ZIP code or genetic code?
When it comes to disease and health, which is more powerful—zip code or genetic code?
The degree to which nature and nurture affect disease and health remains one of the eternal—and still unanswerable—questions in medicine.
Now a team of investigators from Harvard Medical School and the University of Queensland in Australia have tackled this question in a decidedly novel way.
In what the researchers describe as a coup for big data and a scientific first, the team has used a massive insurance database of nearly 45 million people in the United States including thousands of twin pairs to determine the effects of genes and environment in 560 common conditions. The diseases analyzed span 23 categories, ranging from cardiovascular illness and neuromuscular diseases to skeletal conditions.
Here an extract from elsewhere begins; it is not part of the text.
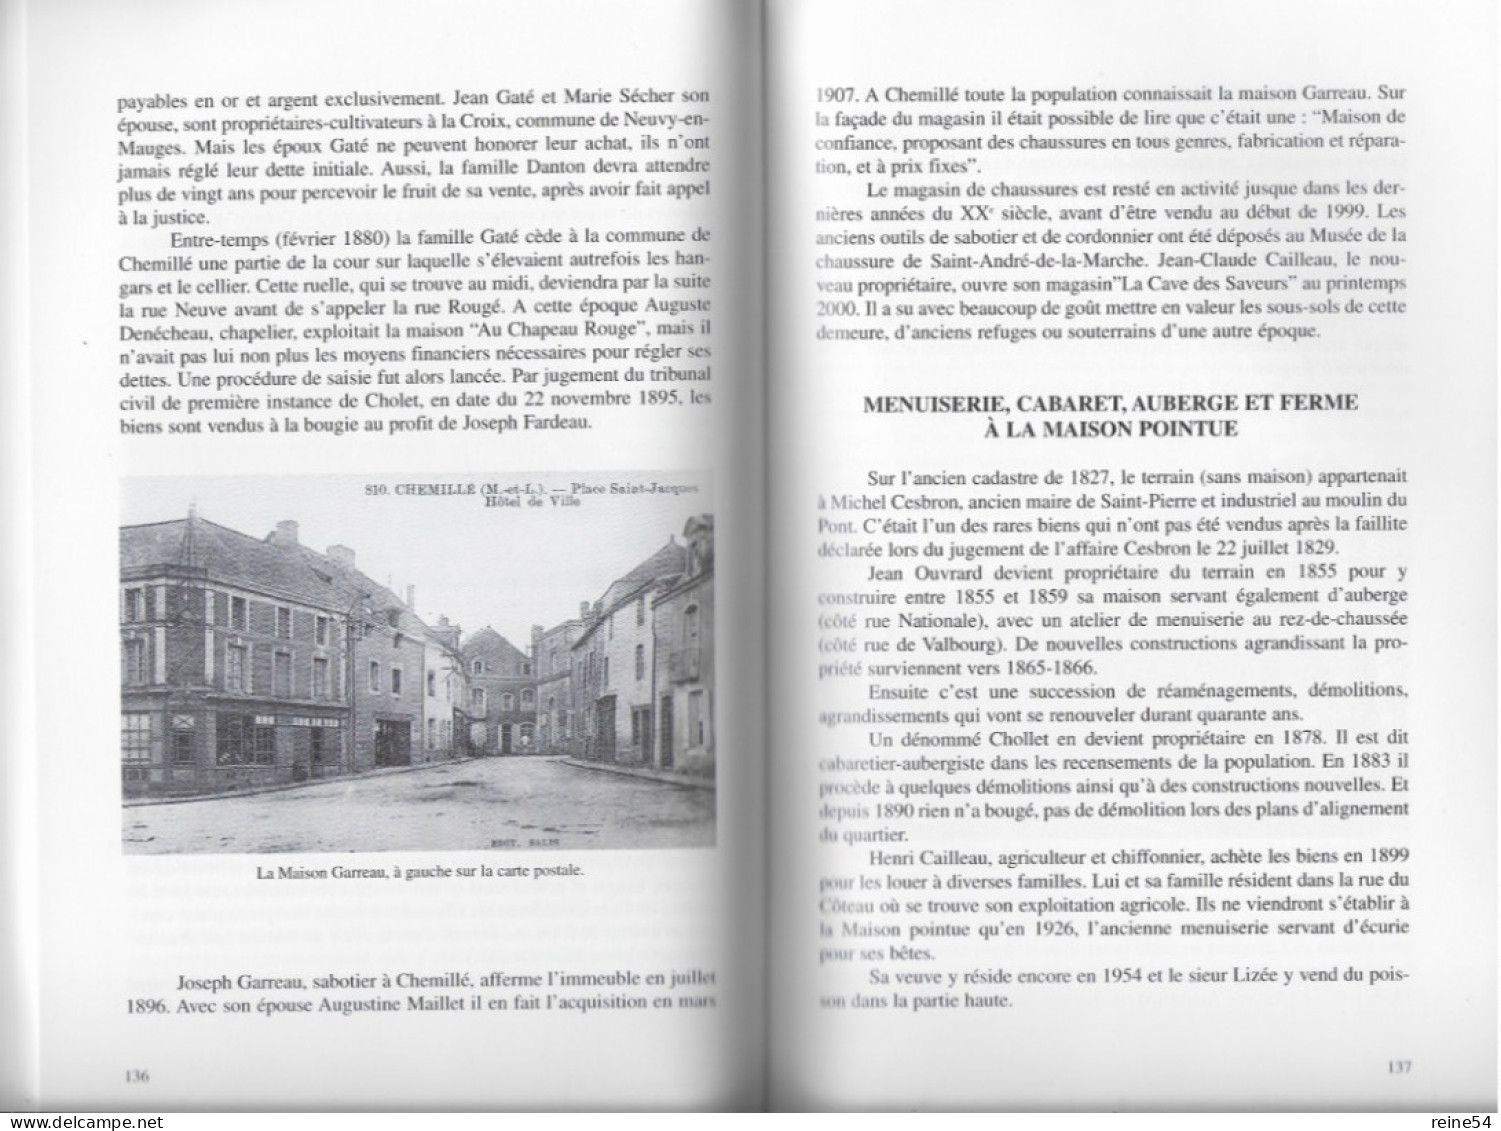 Histoire et petites histoires de CHEMILLE (49) Tome I Victor Bouyer Edit. Hérault Maulévrier (Nbreuses photos)

The work, published Jan. 14 in Nature Genetics, is thought to provide the largest assessment of U.S. twins to date, the researchers said. It is also the first one to go beyond the traditional one-disease-at-a-time approach and analyze hundreds of the most common conditions among more than 56,000 twin pairs. To date, most twin or familial studies of genes and environment have looked at a single disease or one environmental factor at a time.
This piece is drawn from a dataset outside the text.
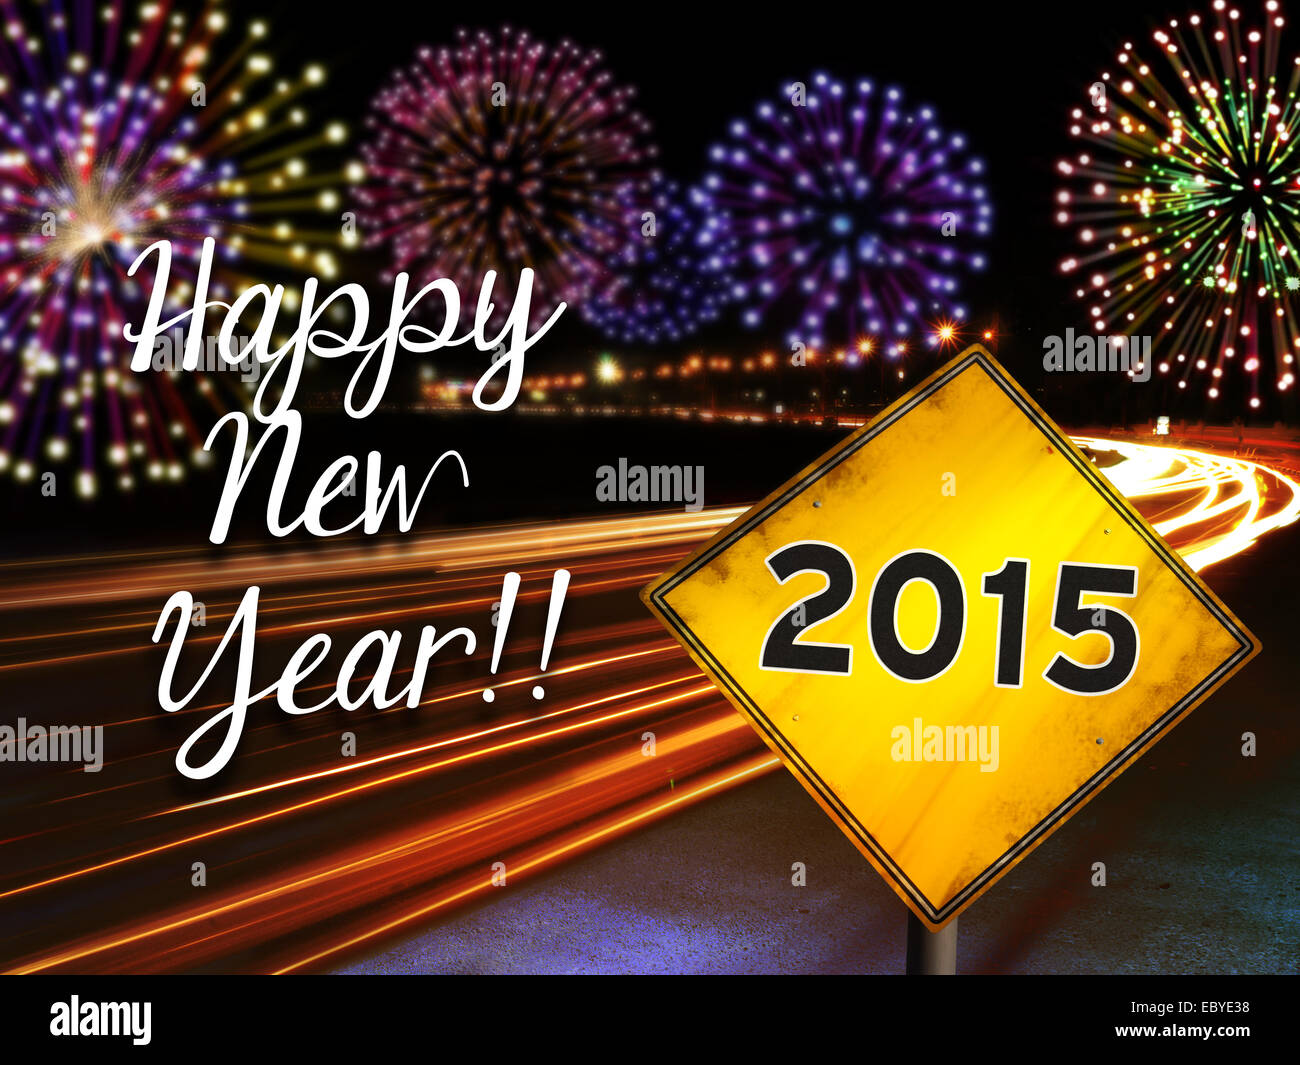 Bonne Année 2015 Fireworks et voitures de ville les feux de route avec du jaune panneau routier. Contexte de conception de carte de vœux. Banque D'Images

Many diseases are neither purely genetic nor purely environmental but rather the result of a complex interplay between the two. Unlike classic inherited conditions—those caused strictly by mutations in a gene or a set of genes—environmentally fueled conditions are the sole result of factors external to an individual's biology. Most diseases do not fall neatly in either category but have elements of both. Disentangling how genes and environment contribute to multiple diseases in the same population has been astoundingly difficult, the researchers said. The new study aims to solve this challenge by developing a new large-scale analytical approach.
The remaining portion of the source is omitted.